为了将特定规则应用于决策树分类器上的训练样本,我们需要使用 decision_path 方法decision_path(X[, check_input])
:
现在,在处理一个短文本分类模型时,我已经在文本特征的矢量化上流水线化了一个特征联合,并应用网格搜索来找到一个优化的模型,如下面的代码所示。
- 这使得我很难将 X 功能调用到
decision_path
方法中,因为我不断收到错误 - 此外,我最终会试图用文本特征而不是数字矢量化特征来说明路径......

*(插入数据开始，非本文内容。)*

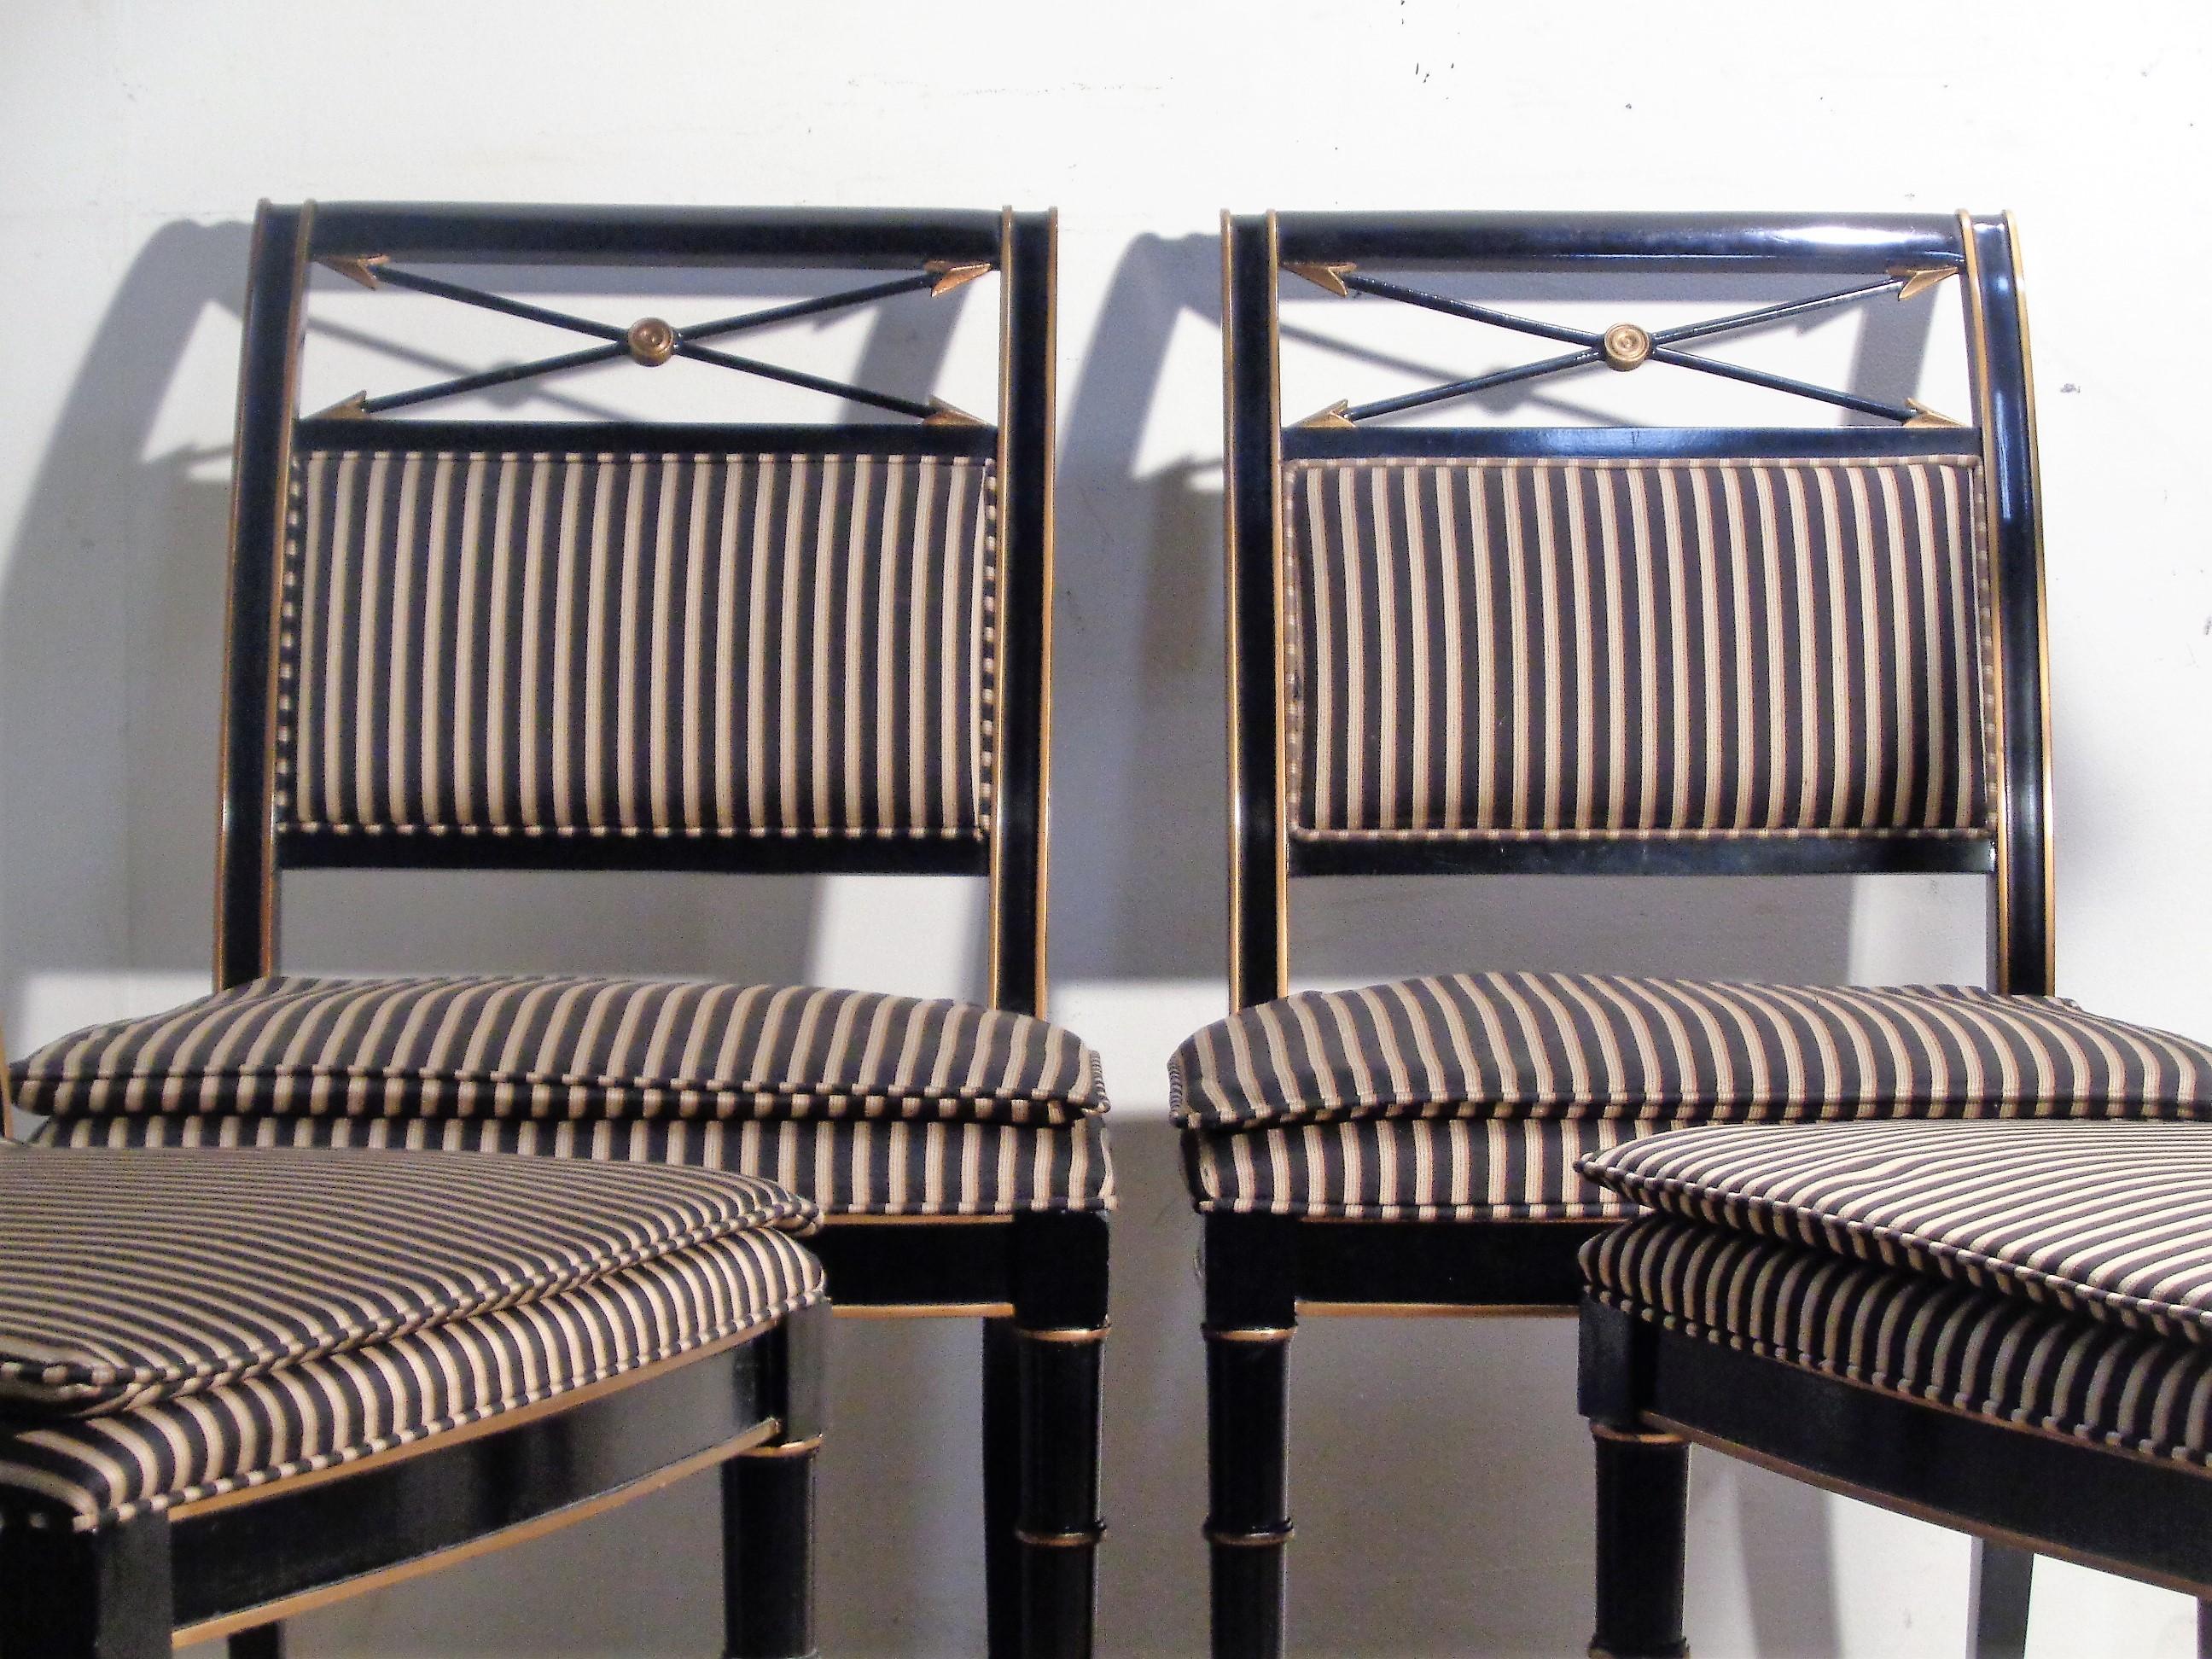 Ensemble de quatre chaises d'appoint / chaises de salle à manger de style néoclassique Regency. Assise et dossier tapissés de rayures, pieds tournés en faux bambou, flèches croisées dorées sur le haut du dossier. Finition d'usine d'origine laquée
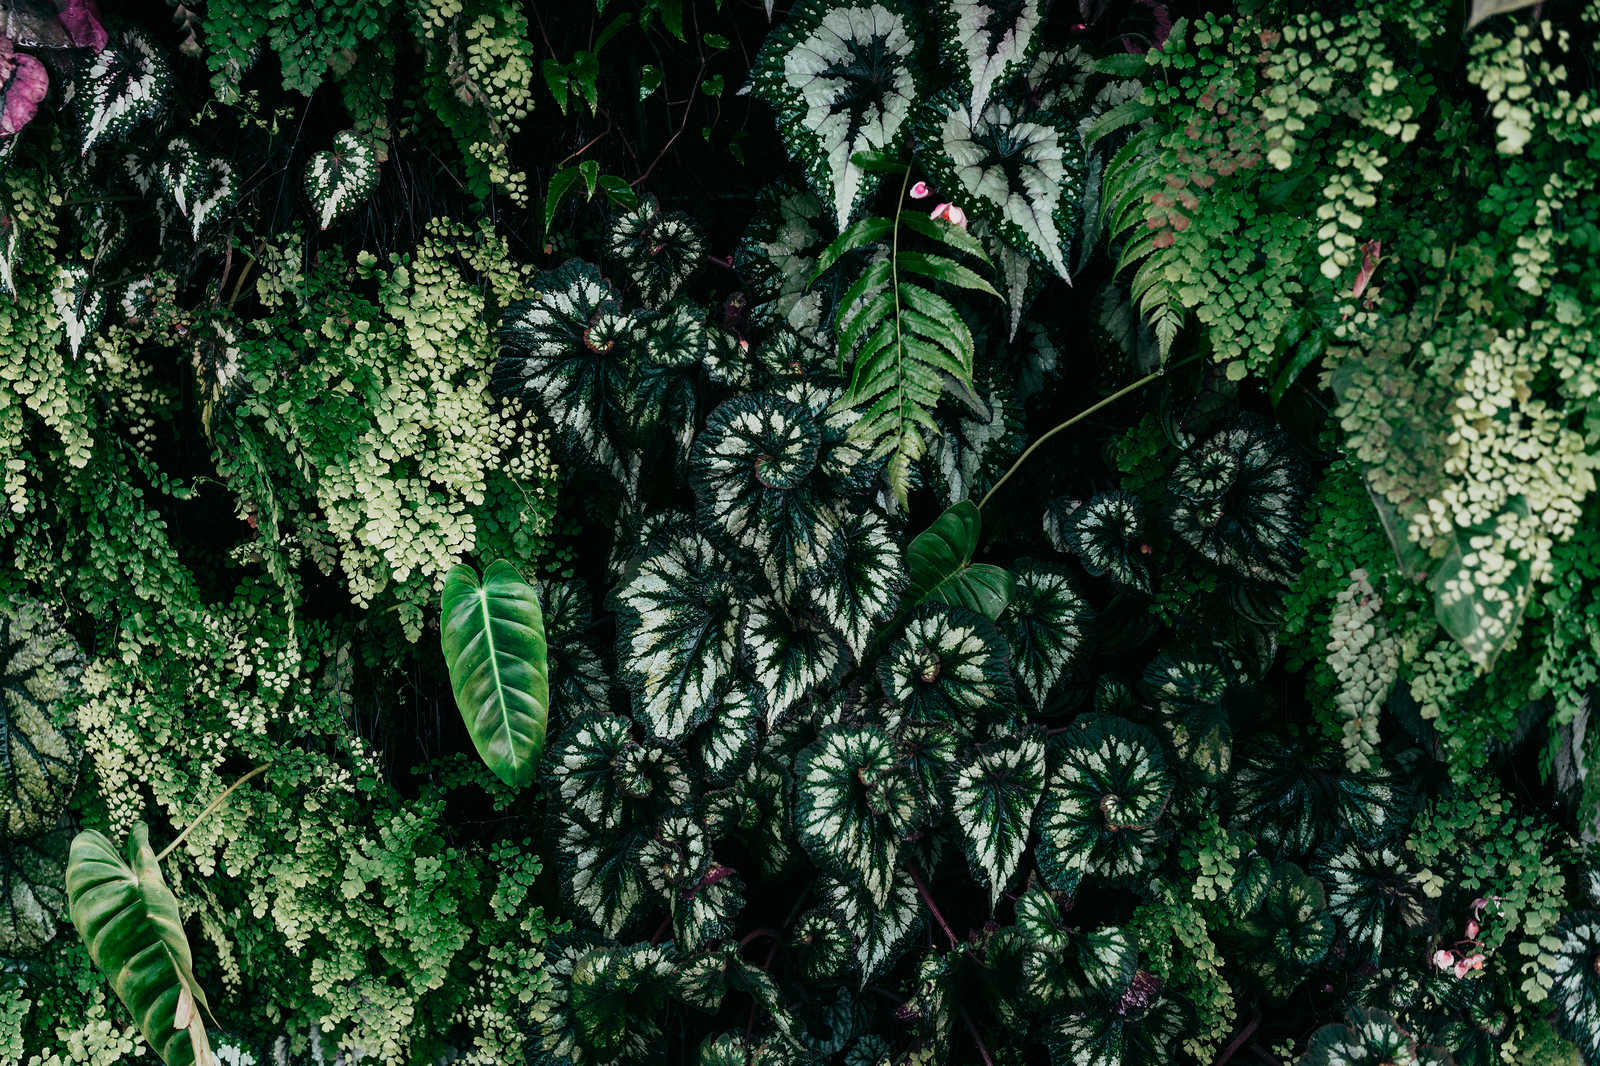             Deep Green 2 - Tableau toile Fourrés de feuilles, fougères & plantes suspendues - 1,20 m x 0,80 m

data, target = df['doc_text'], target_column
data_train, data_test, target_train, target_test, indices_train, indices_test = train_test_split(
data, target, df.index, random_state=0)
#combine words an character grams features
vectorizer = FeatureUnion([
('word_vectorizer', TfidfVectorizer(
sublinear_tf=True,
min_df=2,
#strip_accents='unicode',
#encoding='latin-1'
analyzer='word',
#token_pattern=r'\w{1,}',
ngram_range=(2,5),
norm='l2')),
#dtype = np.float32, #da error
#max_features = 6000)),
('char_vectorizer', TfidfVectorizer(
sublinear_tf=True,
min_df=5,
stop_words='english',
strip_accents='unicode',
analyzer='char',
ngram_range=(2, 5),
norm='l2',
#dtype=np.float32,
max_features = 8000))
])
pipelinedt= Pipeline([
("tfidf", vectorizer),
("clfdt", DecisionTreeClassifier(criterion="entropy",max_depth=7)),
])
tree_para ={ "clfdt__max_depth": (7,25,100),
"clfdt__min_samples_leaf": (1,5,10),
"tfidf__word_vectorizer__max_df": (0.5, 0.75),
"tfidf__word_vectorizer__min_df": (2,),
"tfidf__char_vectorizer__max_df": (0.5, 0.75),
"tfidf__char_vectorizer__min_df": (3,),
"tfidf__char_vectorizer__use_idf": (True, False),
"tfidf__word_vectorizer__use_idf": (True, False),
"tfidf__word_vectorizer__ngram_range": ((1, 2), (2, 4), ),
"tfidf__char_vectorizer__ngram_range": ((4, 5),),
}
if __name__ == "__main__":
dt = GridSearchCV(pipelinedt, tree_para, cv=5, n_jobs=-1, verbose=1)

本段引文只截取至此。